The last thing this country needs is a smart, eloquent, hard-working, independently wealthy, globally respected businessman with a law degree on his wall and the Olof Palme prize on his bookshelf. He also regularly gets begging letters from the chairman of Standard Bank and Please Call Me messages from vagrants like Patrice Motsepe. Even worse, he clings to old-fashioned beliefs that corruption is somehow wrong. What a loser.
Thing is, comrade, South Africans tend to vote for losers. I’m talking about Jacob, here. I should point out that I only consider him a loser because he lost you, a real catch in anyone’s book. What the hell happened to you guys? I know his third wife committed suicide and his fourth tried to poison him, but that doesn’t mean he’s not easy to live with. Was it the singing and dancing that did it? I’d want to murder him if I had to hear Mshini Wam warbling from the shower every morning for sixteen years.
Come to think of it, you were probably put off theatrical performances of any kind in 1995 after it was found that, as minister of health, you had lied to parliament about where the R14-million had come from to fund the musical Sarafina II. Big deal. When it comes to musicals, everyone lies. Imagine a scandal involving a paltry R14-million! It’s almost cute.
I liked you when you were foreign minister. You didn’t do or say anything while Mad Bob Mugabe taught those white farmers and, as it turned out, his economy, a lesson never to be forgotten. You called it “quiet diplomacy” and you were very good at it. I look forward to your “quiet presidency”. This seems to run in the family because no matter what happens, your ex-husband resolutely refuses to appear on television to reassure the nation. Will you also let the lawyers do all the talking?
Hey! Maybe you and Jake get together again after the election. You get Nkandla and he doesn’t get charged. The Guptas know how to throw a damn fine wedding party and Dubai would be perfect for the honeymoon. Blue skies, warm water, friendly banks. What’s not to love?
Good luck with the not campaigning. You’ll have my support when it comes to not voting.

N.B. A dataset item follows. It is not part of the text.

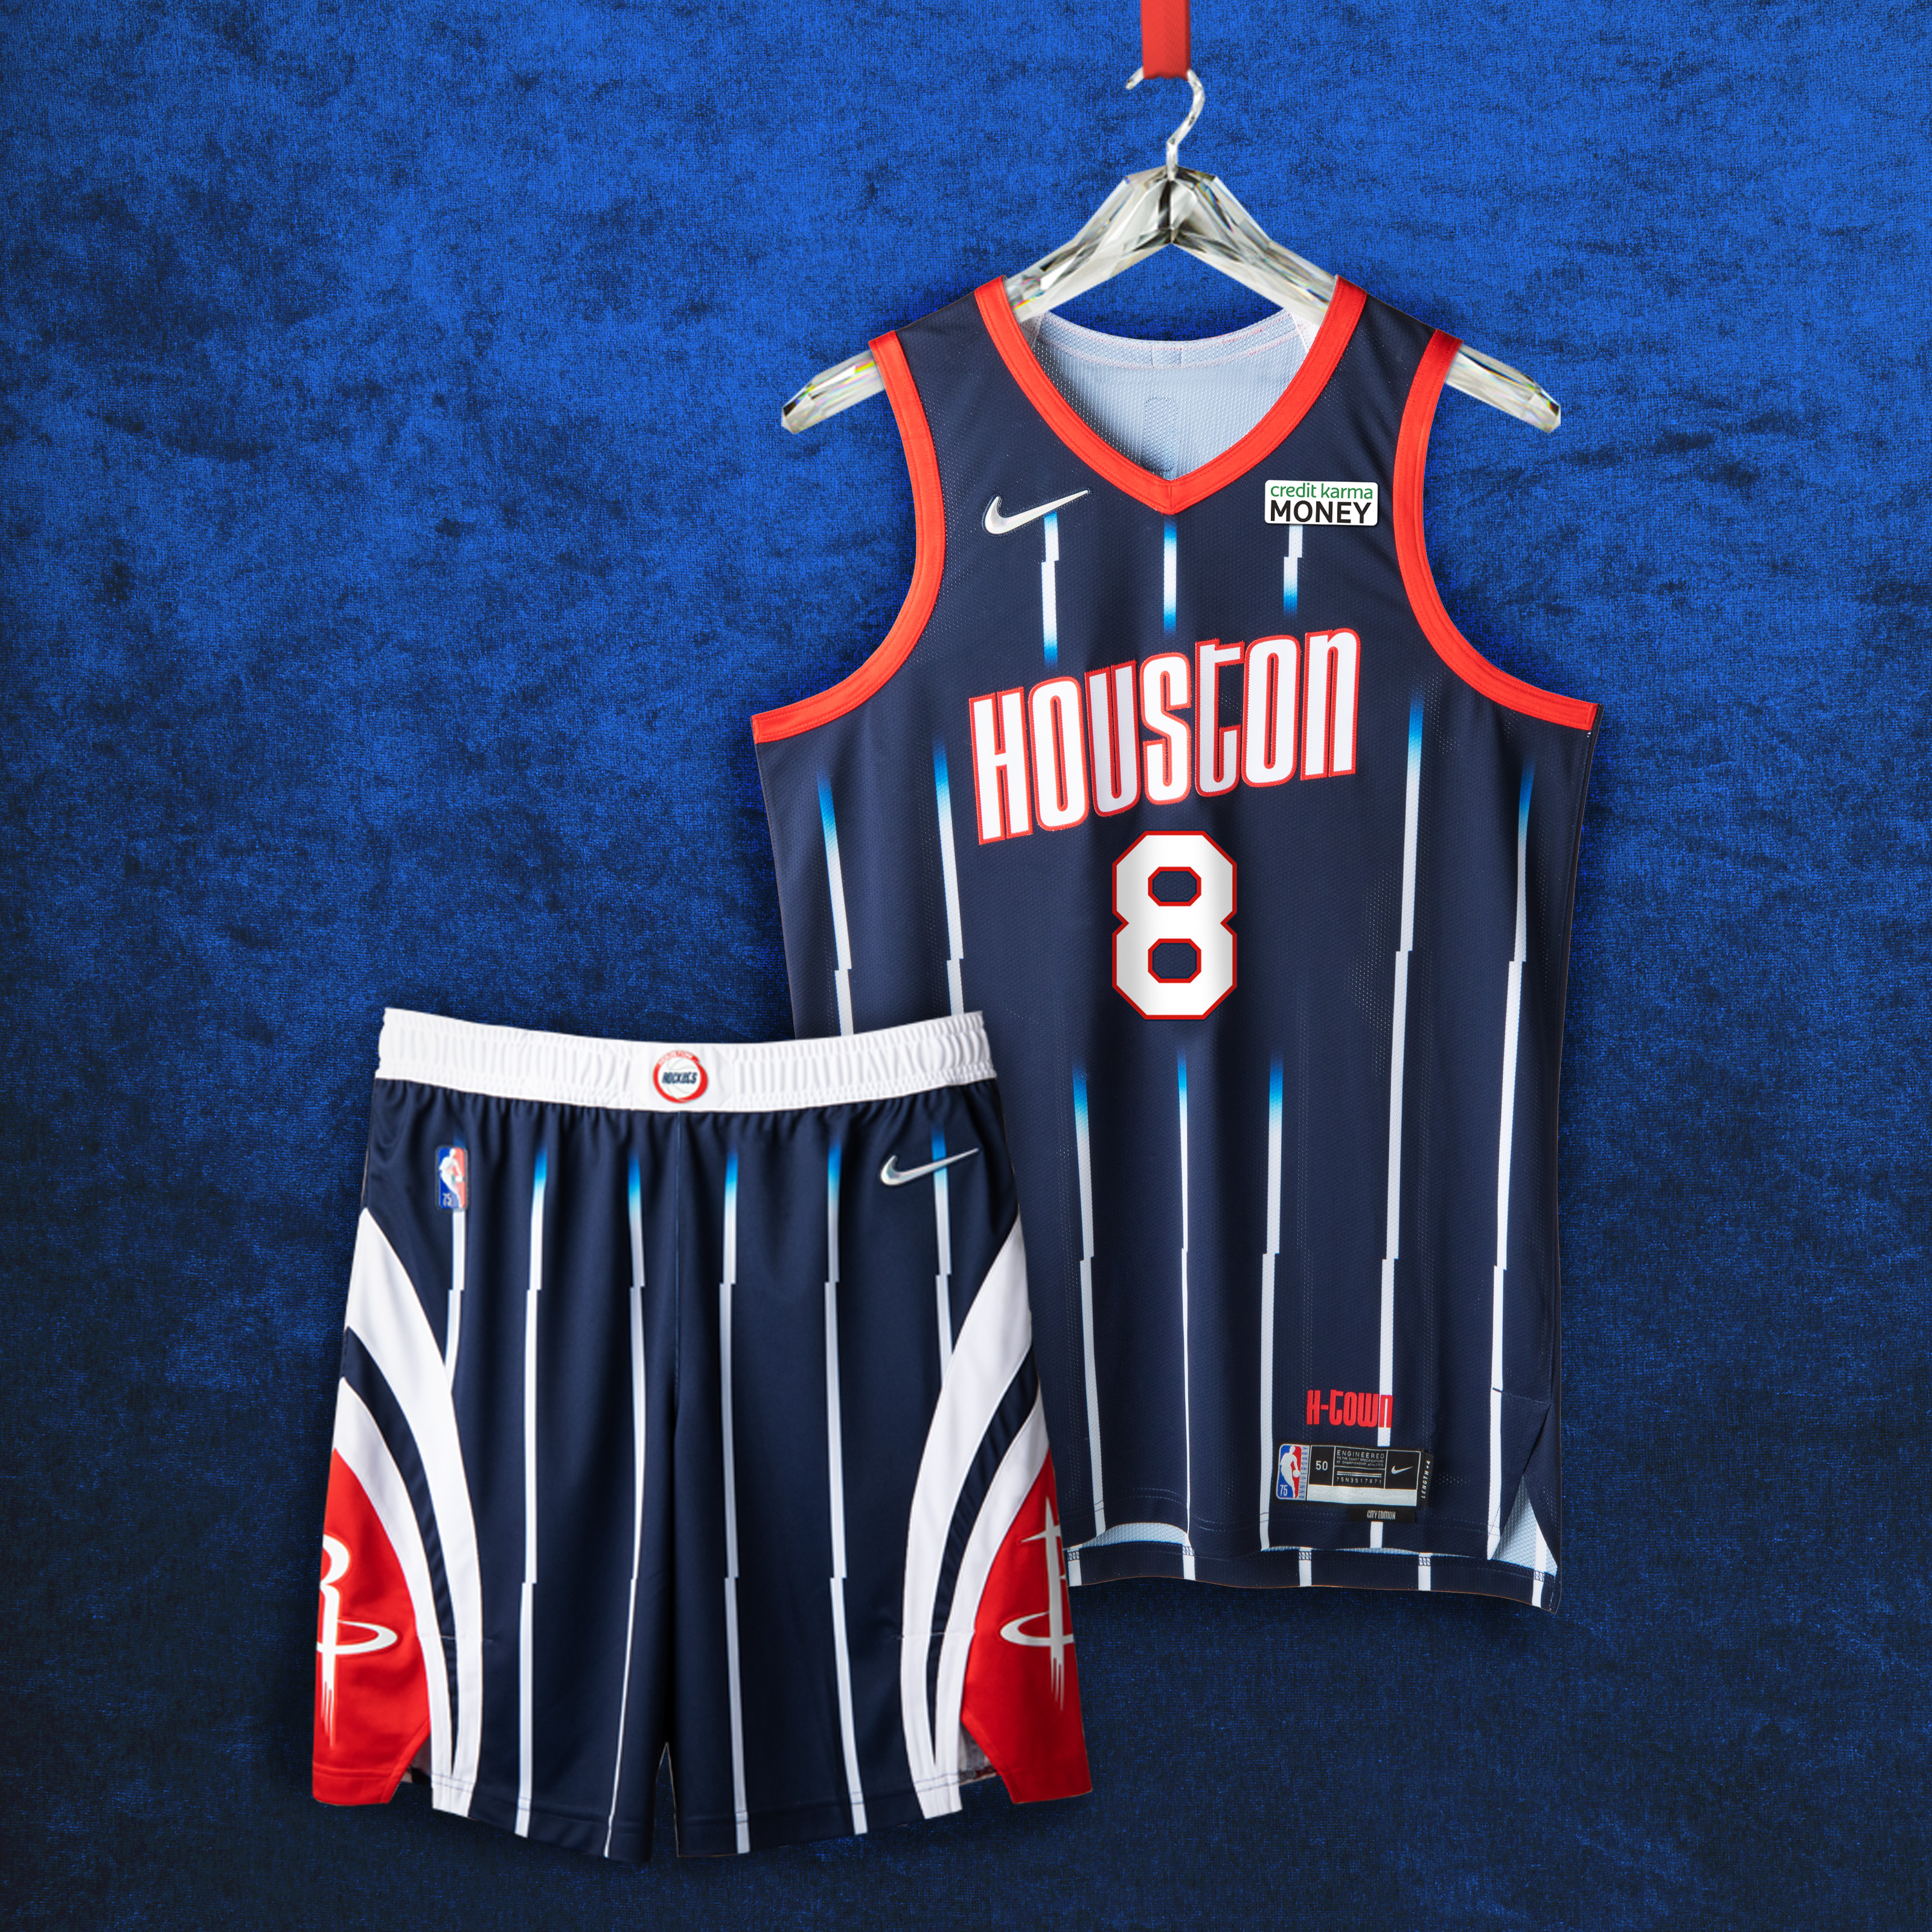 NBA City Edition jerseys, ranked - Sports Illustrated

8 thoughts on “A letter to our next president

  1. gtwenty3 says:

    I absolutely loved reading this! Damn, you shoot from the hip- you’re a valuable man, Ben!

  2. Reblogged this on BEN TROVATO – Durban Poison and commented:

    A flashback to a letter I wrote to NDZ six months ago.

  3. Another BIG gem, Ben! 🙂 Awesome shit!

  4. Julia Uys says:

    Classic! As always a joy to read!!!

  5. Ahahahaaa – “They’d need a brain in the first place.” As a member of the electorate, I don’t even feel insulted, because this is so true!